1/n What a stat!👌... Here’s another. In 1996, more than 7,400 companies were listed on U.S. stock exchanges; today, that figure is less than half...So what does that mean?...Well... https://twitter.com/andile_khumalo/status/1285229145497260036
2/n: Small companies are also staying private longer, preferring to raise venture capital or other private money rather than having to abide by more stringent regulatory requirements of public companies.
3/n: Merger and acquisition activity continues to shrink the number of public companies, too.

Also some investors believe the dwindling number of publicly traded companies and shares outstanding has helped boost blue-chip indexes
4/n When demand for stocks rises but the supply of shares available shrinks, that helps push stock prices higher...

Some would argue that it makes capital markets more efficient.
5/n vast majority of the stocks that have disappeared were small or microcap. They wouldn’t have had a major influence on the broader blue-chip indexes anyway, since most weight stocks by size rather than equally.
6/n The diminishing number of listed companies has affected the stock market in other ways.

E.g. The reliance on private capital has made it harder for stock investors to get exposure to younger companies that would have otherwise listed on an exchange quicker.
7/n In part, this also reflects the changing fortunes of the sectors in the South African economy, but there are other factors at play here too...

These trends are instructive & speak to the changing nature of our economy and investment markets as well as...
8/n ...providing some insight into lost opportunities and offering some future lessons.

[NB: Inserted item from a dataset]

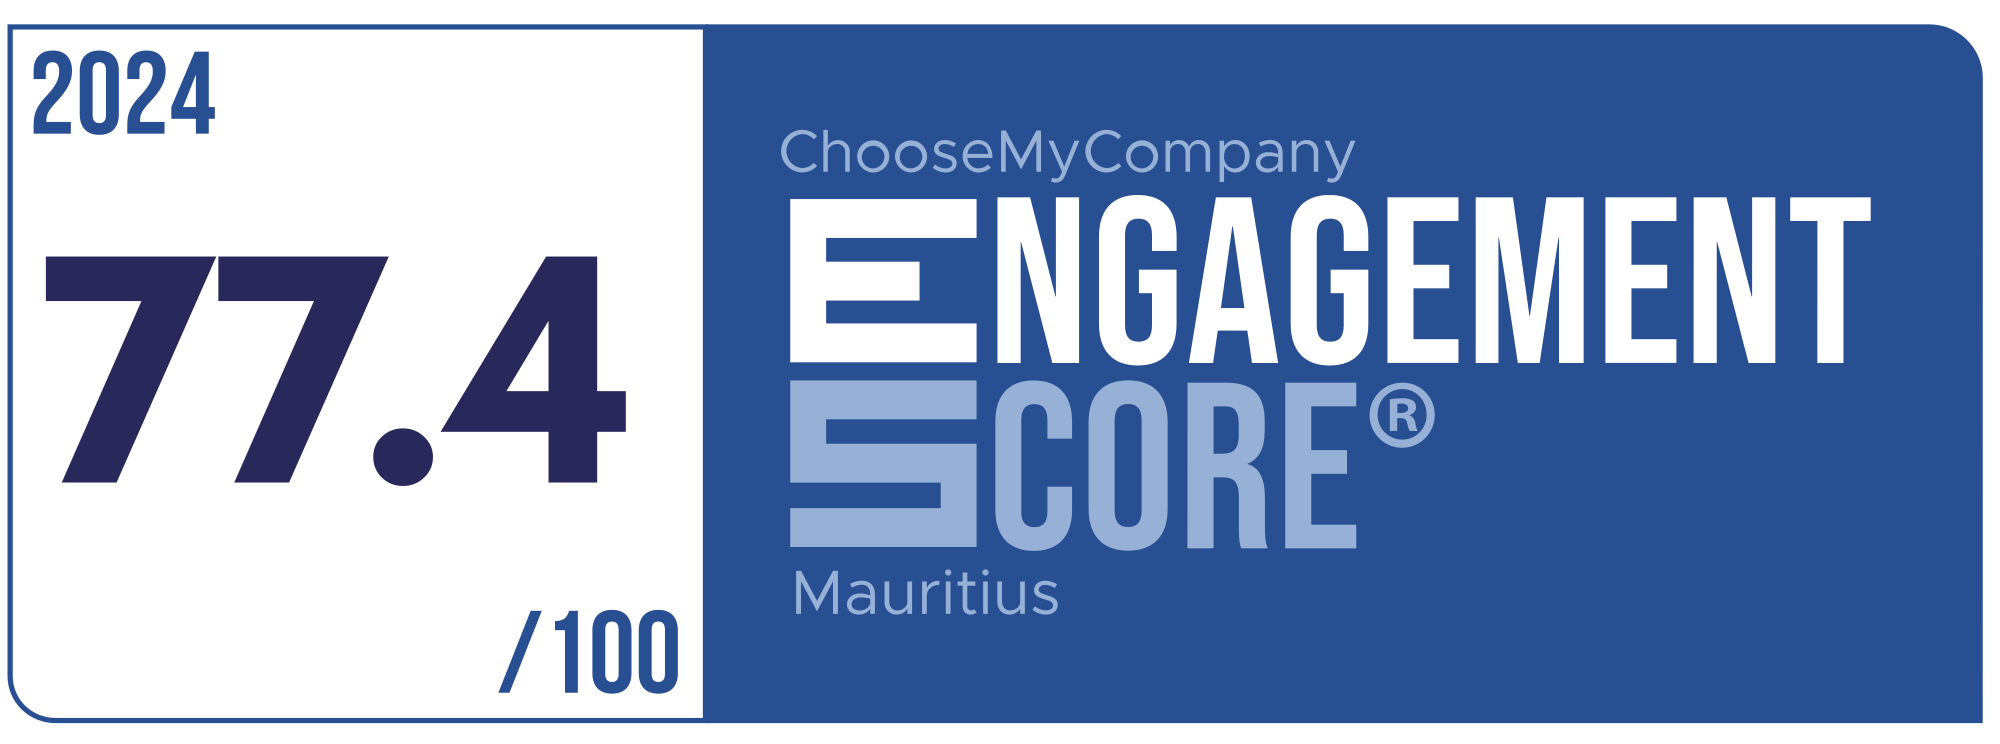 Label Engagement Score 2024 Mauritius

With investors & company management spooked by corruption & government policy post the 2009 Zuma administration election, they have looked to externalise their business & investment...
9/n South Africa’s economy de-industrialised. In 2006, manufacturing accounted for 16.3% of GDP. Today it accounts for just 12.5%. Increasingly the market no longer looks like the actual composition of the country’s economy.
10n over the past 10-15 years, the JSE has increasingly become an “externalised” exchange given the local political & economic environment.

This can be well seen in the nature of firms listed currently vs 1999.